I'd say if the chimney ever took a direct lightning hit, it would likely take out plenty of my electrical/mechanical systems no matter if the chimney is _directly_ grounded or not. In the end, the people in the know on these things don't seem to be too concerned, so I guess I decided for as for me and mine, I'm not gonna worry about it either.


----------



## dwasifar (Sep 3, 2013)

Yes, it's grounded. I caught it smoking.


----------



## Whitespider (Sep 3, 2013)

Anything metal, that is outside your home, and connected to something inside your home should be _properly_ "grounded", regardless of its height/location... but I don't know of any code forcing you to do so. The only "grounding" codes I'm aware of are those pertaining to the electrical service panel.
But be aware, if “grounding” is done improperly it has the potential to do more damage than no “grounding”. Grounding to conduit, duct work, plumbing and whatnot is not correct, it is not the same as connecting to the service panel ground... it has the potential to create separate ground paths or planes and can be extremely dangerous (more about that in a minute).
And funny thing about lightning and grounding protection… it don’t always follow the “rules”.

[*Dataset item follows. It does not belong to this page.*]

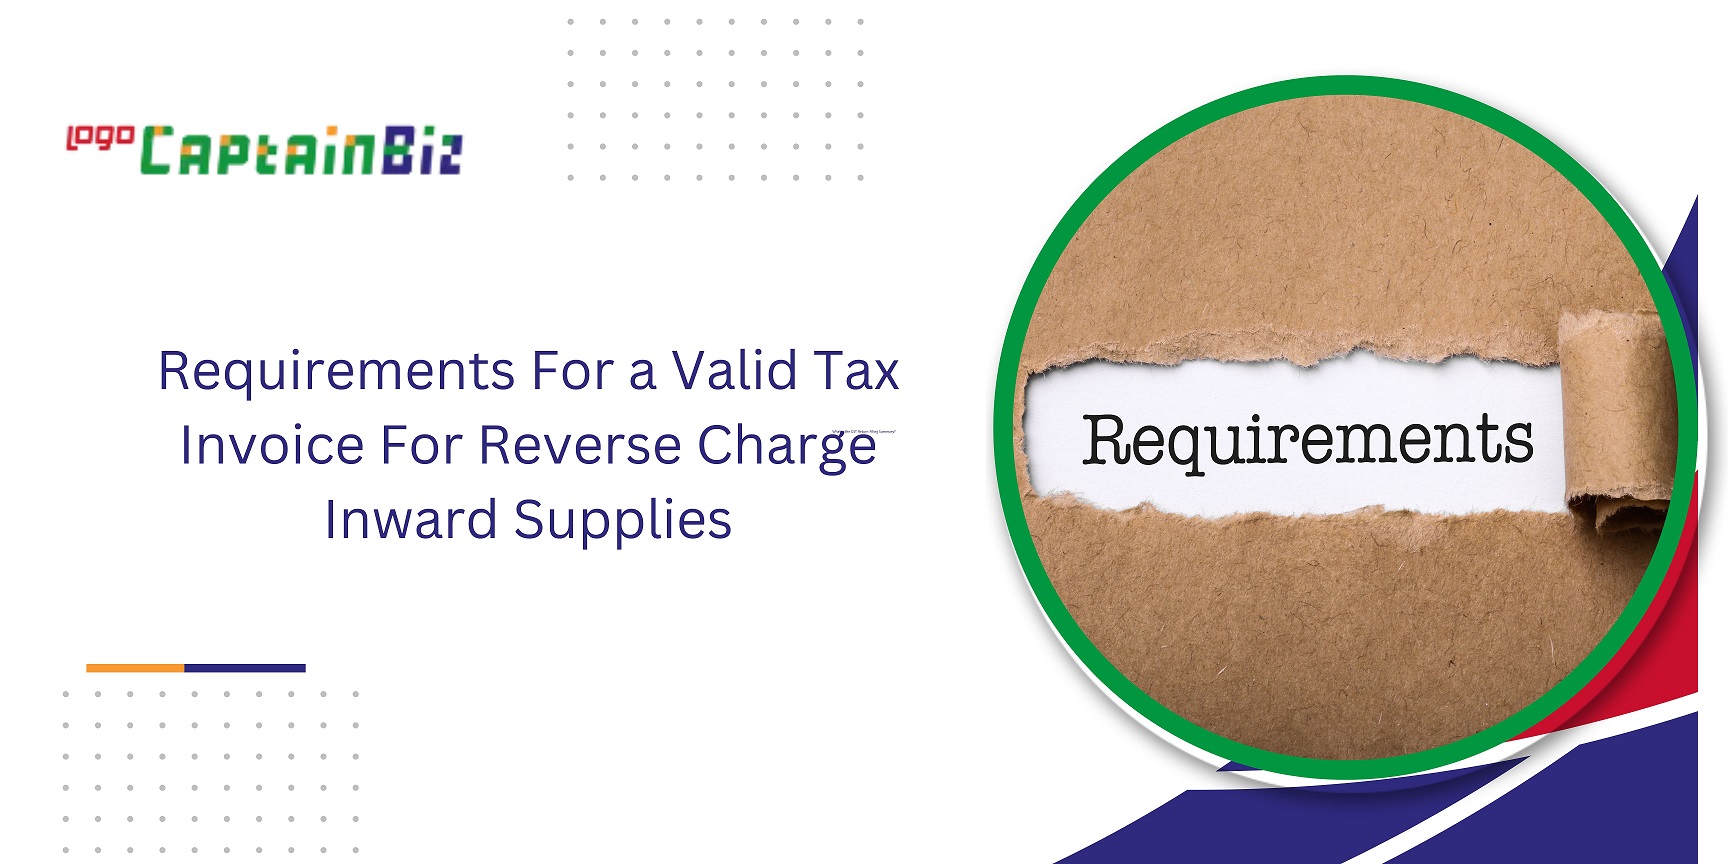 CaptainBiz:requirements for a valid tax invoice for reverse charge inward supplies

For example, once we had lightning strike a metal grain leg on top of a concrete silo at a large farm cooperative. We had four point-to-point data radios/antennas mounted on the outer walls of the concrete head house. When first installed, all four were grounded to the metal electrical conduit (which, in this case is OK because its an outdoor concrete structure and the conduit was outside, putting the radios on the same ground plane as the electrical service ground). At some point one of the radios failed and had been replaced; the guy who did the replacement forgot to hook up the ground (might have been me?). Anyway, of the four, only the non-grounded radio survived… the other three were completely destroyed.

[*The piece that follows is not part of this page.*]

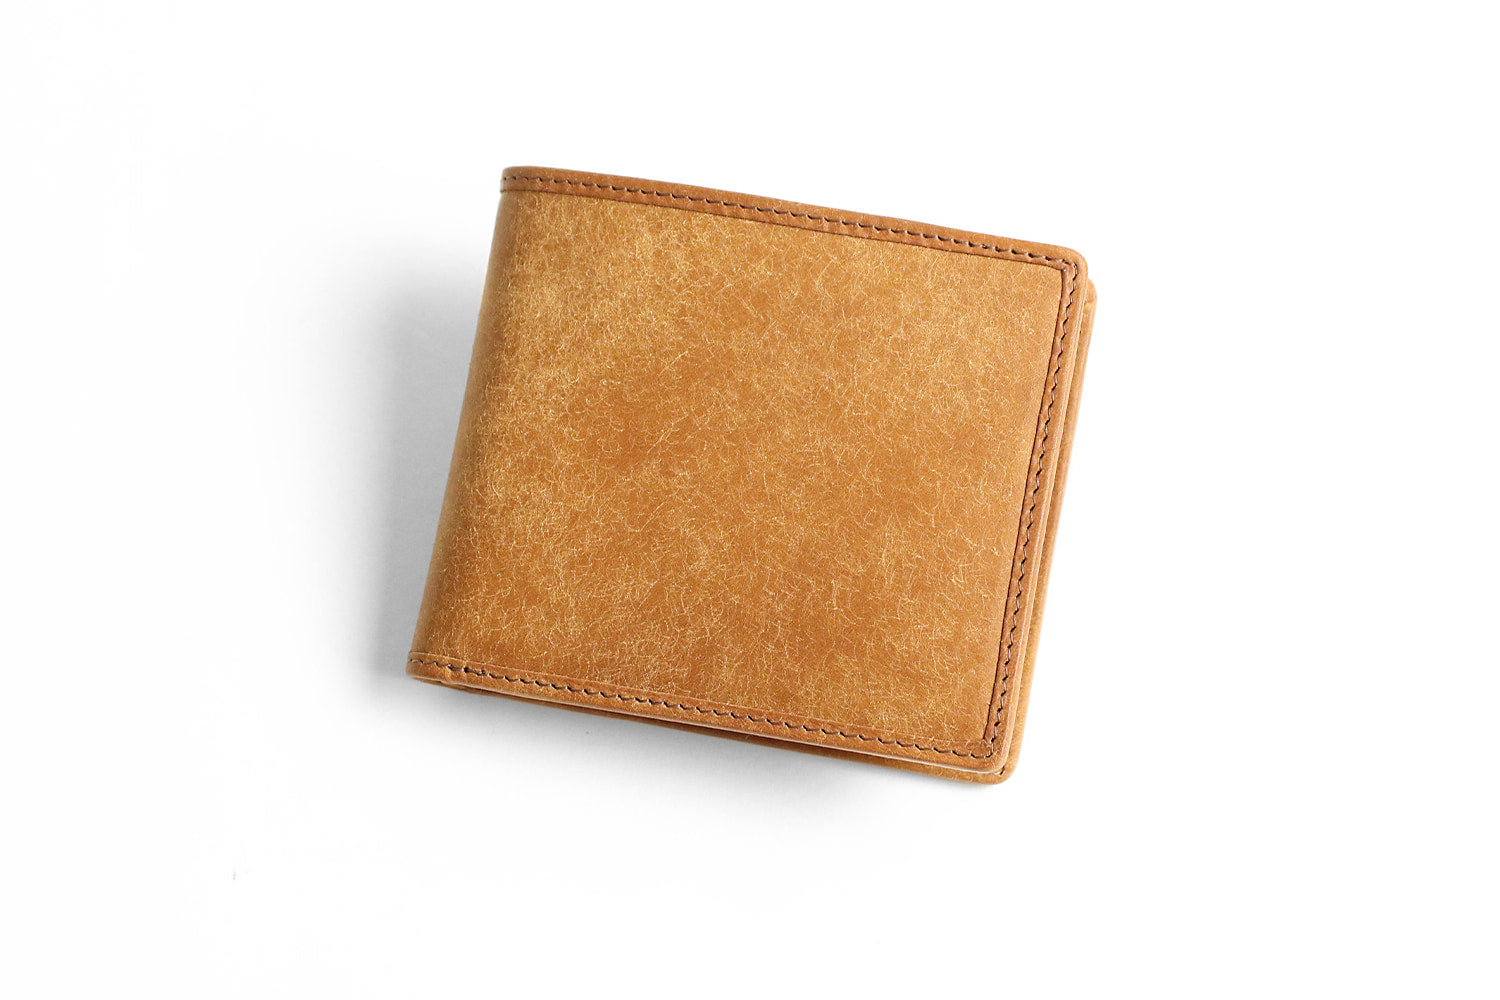 sot / Pueblo Leather Enjoy the unique aging effect. A bi-fold wallet that stands out with its unique Italian leather charm.

We have radio equipment installed on hundreds of different towers, grain legs, and other structures spread-out over five states… some of them several hundred feet in the air. Most of those structures have never been struck by lightning (at least, not hard enough to damage the equipment)... yet there are a few that get hit once or twice every single year without fail. And I don’t mean just a little hit… they get hit hard enough to totally wipe-out all the radio equipment, take out all the electrical service and even get to any sensitive electronics in surrounding buildings. Heck, one grain leg just thirty miles from here got hit six friggin’ times in just one spring/summer season!!! We built a tower for farm cooperative in Illinois a few years ago, just two years later they had us come take it down… because lightening had struck it eight times in those two years, wiping-out all the office computers every time!!! So much for the old saying, “_Lightening never strikes in the same place twice._”

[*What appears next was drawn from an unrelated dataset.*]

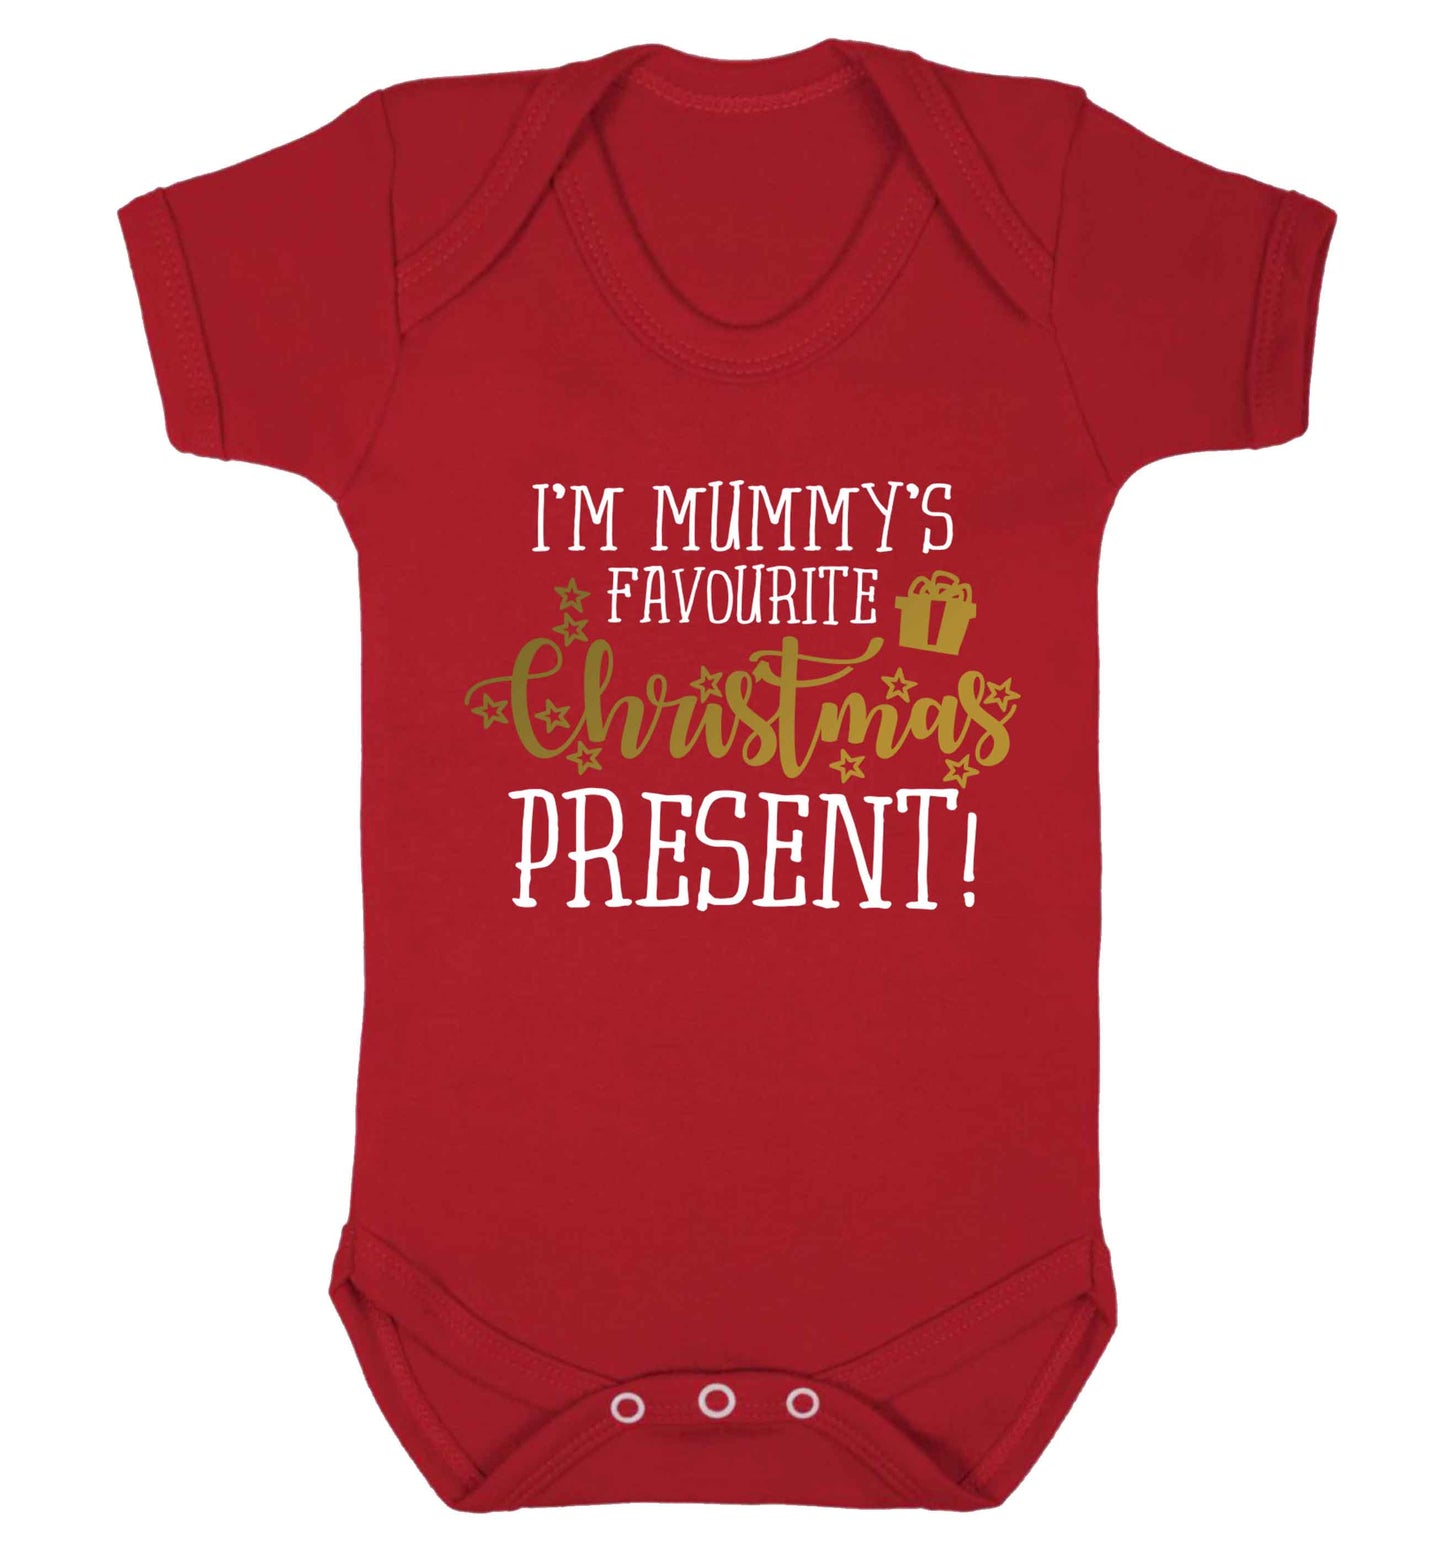 I'm Mummy's favourite Christmas present Baby Vest red 18-24 months

Living out in the sticks I was forced to use a dial-up internet connection for years and lost three computers in that time from lightening strikes (well, assuming lightening). All three times it came in on the phone line, taking out the computer, phones, and anything else connected to the phone line (like the satellite TV tuner)… once it even blew some of the modular connector boxes clean off the walls!! But I’ve never once had my TV antenna tower get touched… it’s likely the tallest thing for a mile radius at least, the damn phone line is underground!!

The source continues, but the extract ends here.